Come sia possibile che una ventinovenne nel giro di due mesi abbia sviluppato livelli di stress (lavorativo?) talmente alti da rivelarsi fatali sarà l’oggetto dell’inchiesta indipendente lanciata da Amnesty. L’ong non può permettersi criticità: è una questione esistenziale.
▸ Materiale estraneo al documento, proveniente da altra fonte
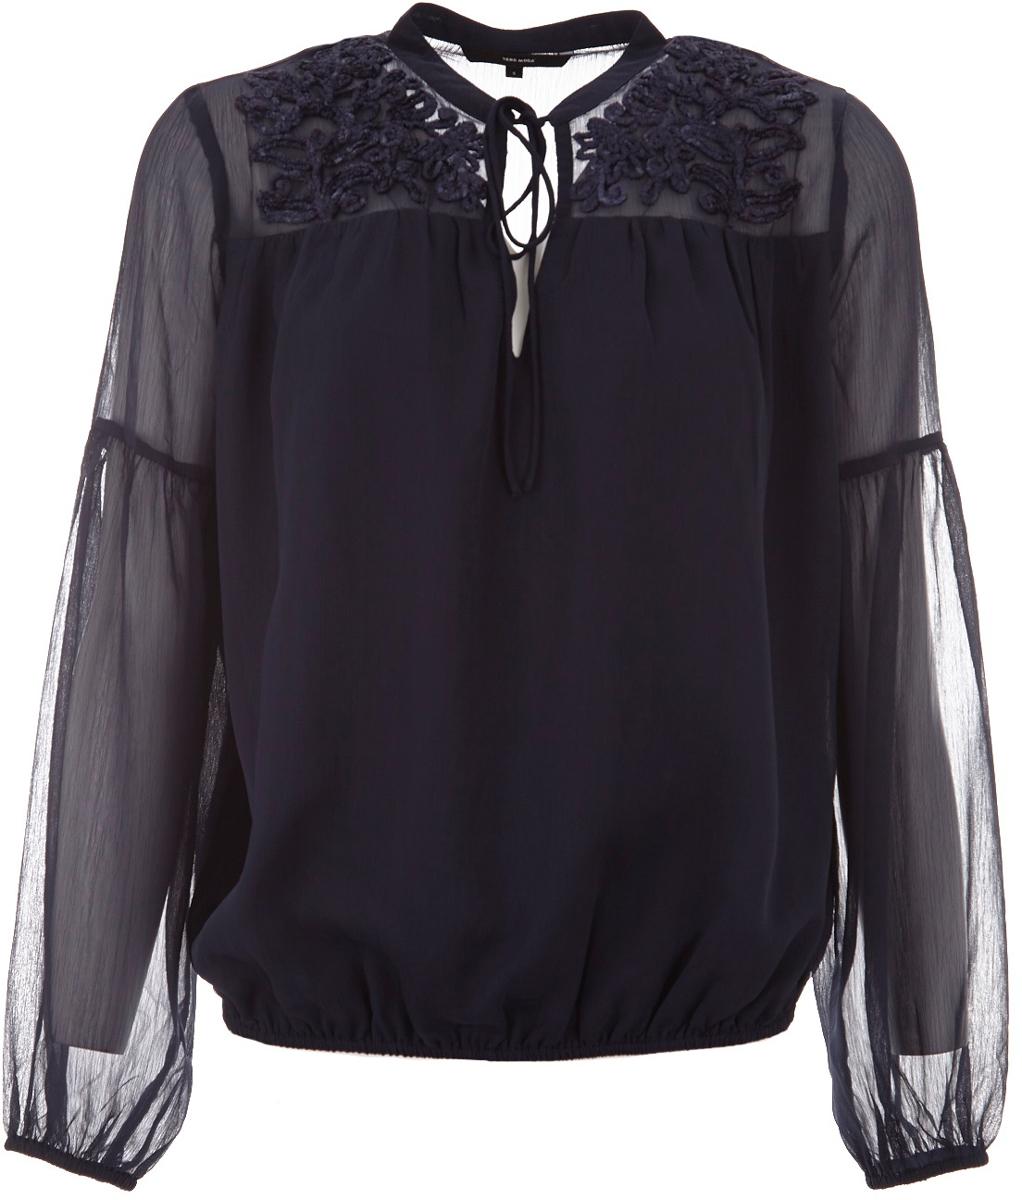 Блузка женская Vero Moda, цвет: темно-синий. 10185517_Navy Blazer. Размер XS (40/42) блузка женская vero moda цвет темно синий 10185884 navy blazer размер xs 40 42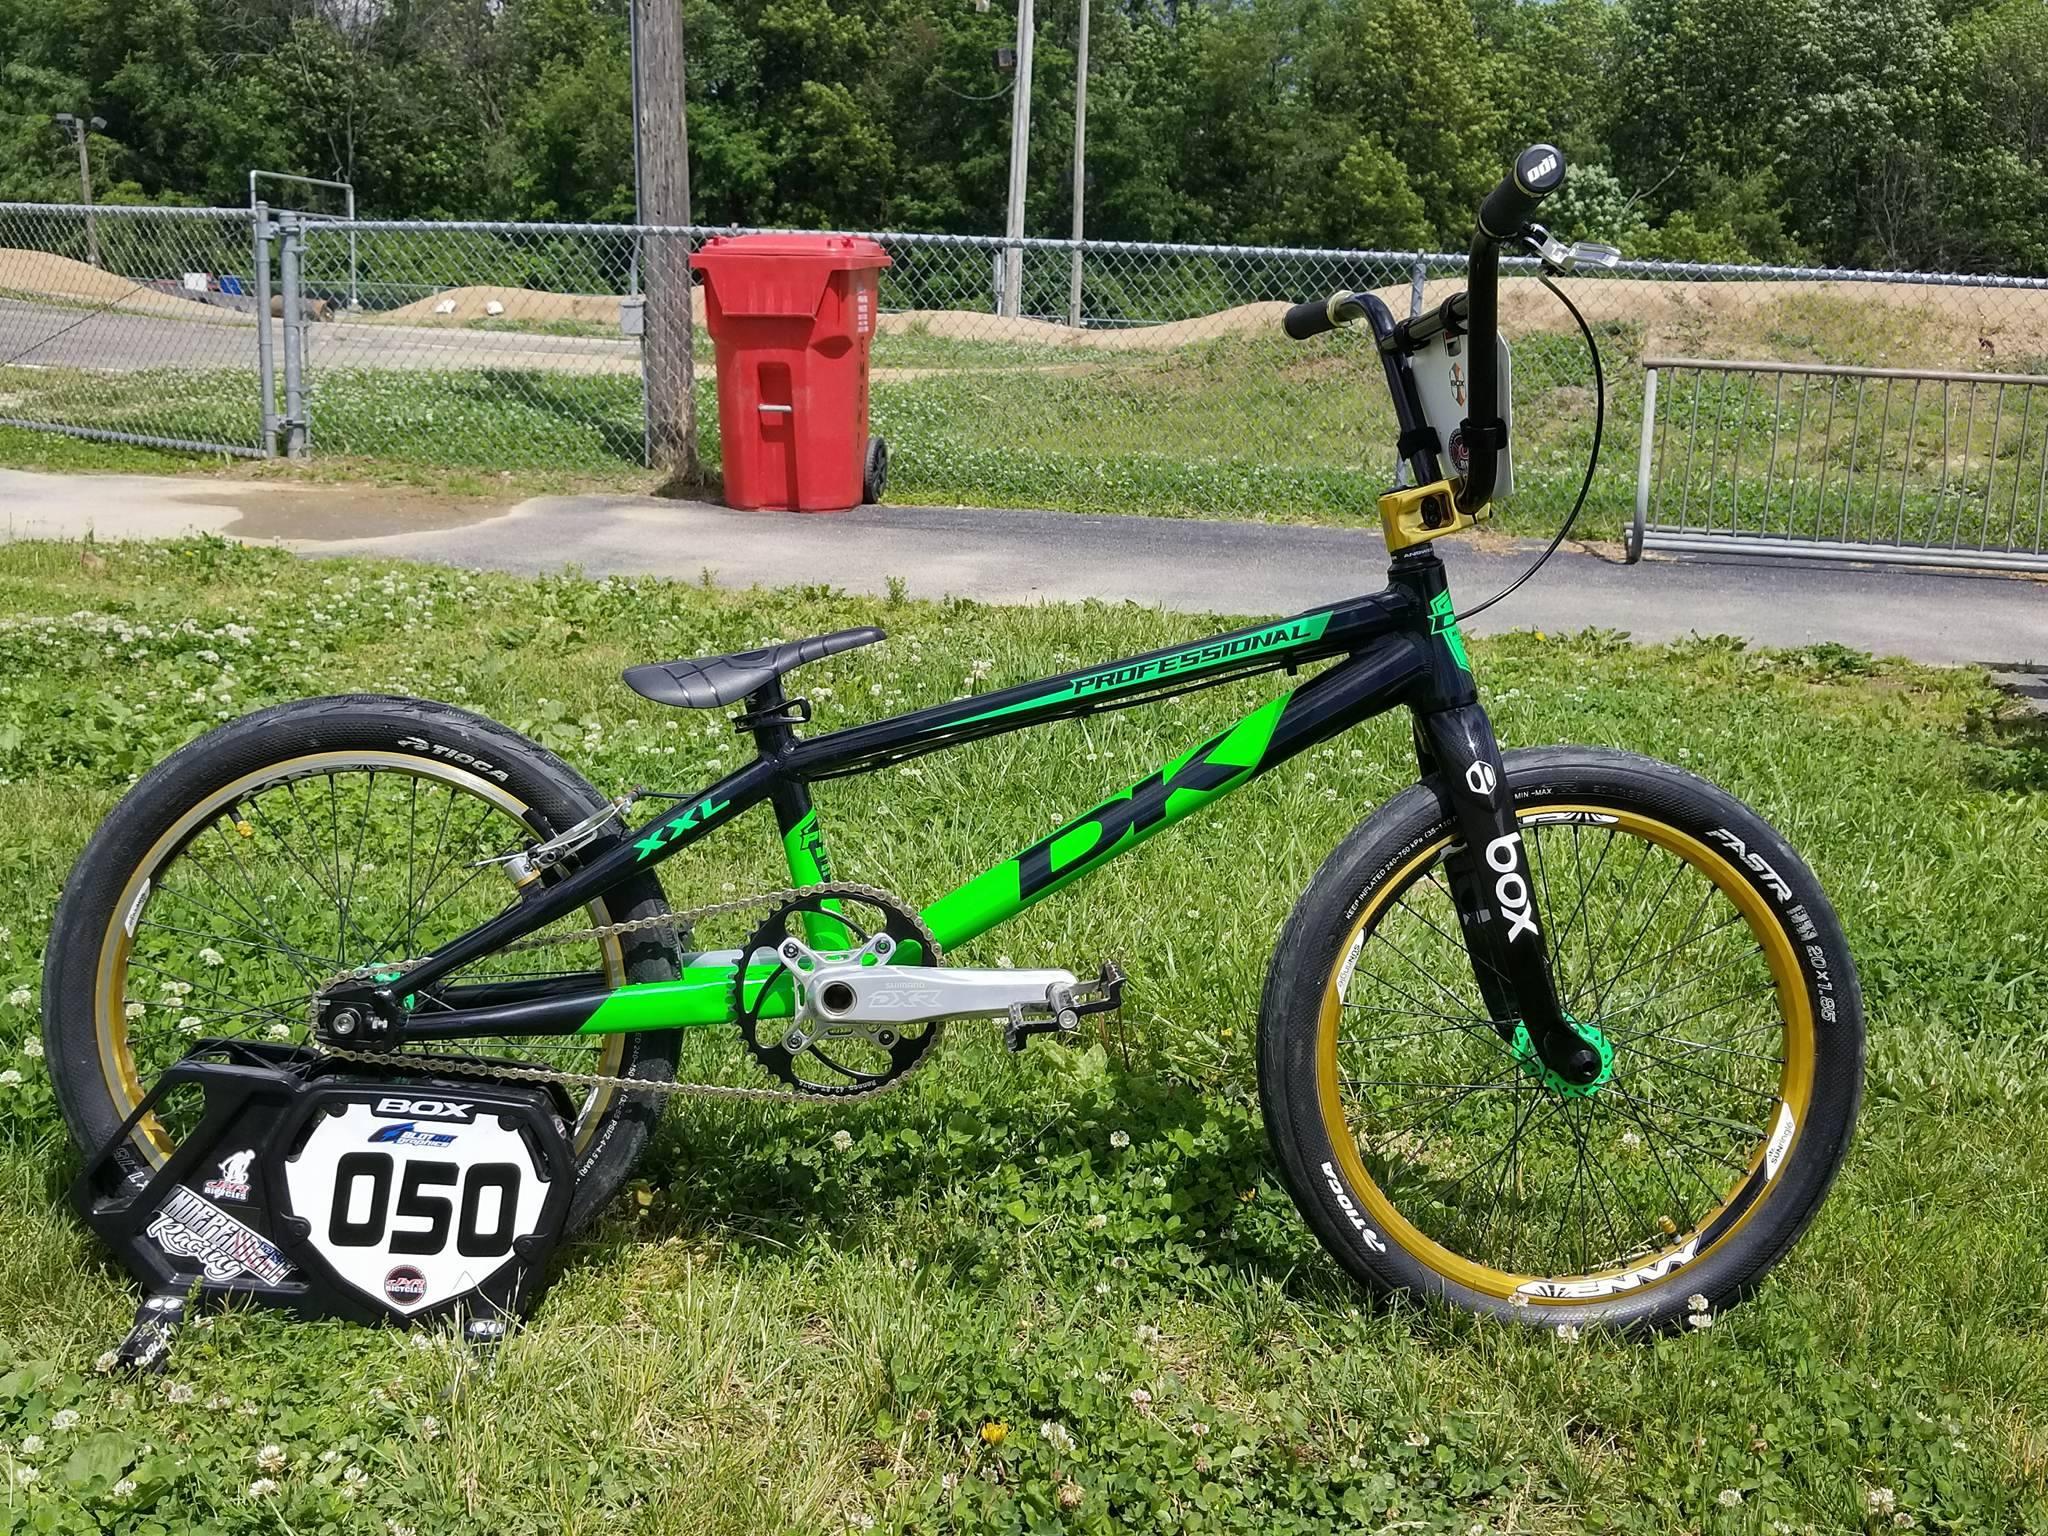 Bike Of The Day: 2017 DK Professional XXL - Sugar Cayne

Colm Ó Cuanacháin, senior director dell’ufficio del secretariato generale di Amnesty International, ha affidato un commento ad AFP, dicendo che l’organizzazione “tratta queste tragedie con la gravità e la priorità che meritano”. Ha aggiunto: “Non possiamo mai confrontare l’impatto che le due tragedie hanno sulle famiglie con le nostre reazioni all’interno di Amnesty, ma anche noi siamo scioccati e devastati dalla perdita della nostra amata collega Gaetan Mootoo e da una giovane donna brillante e stimolante, Roz McGregor , che ha avuto un grande impatto nel suo breve periodo con noi”.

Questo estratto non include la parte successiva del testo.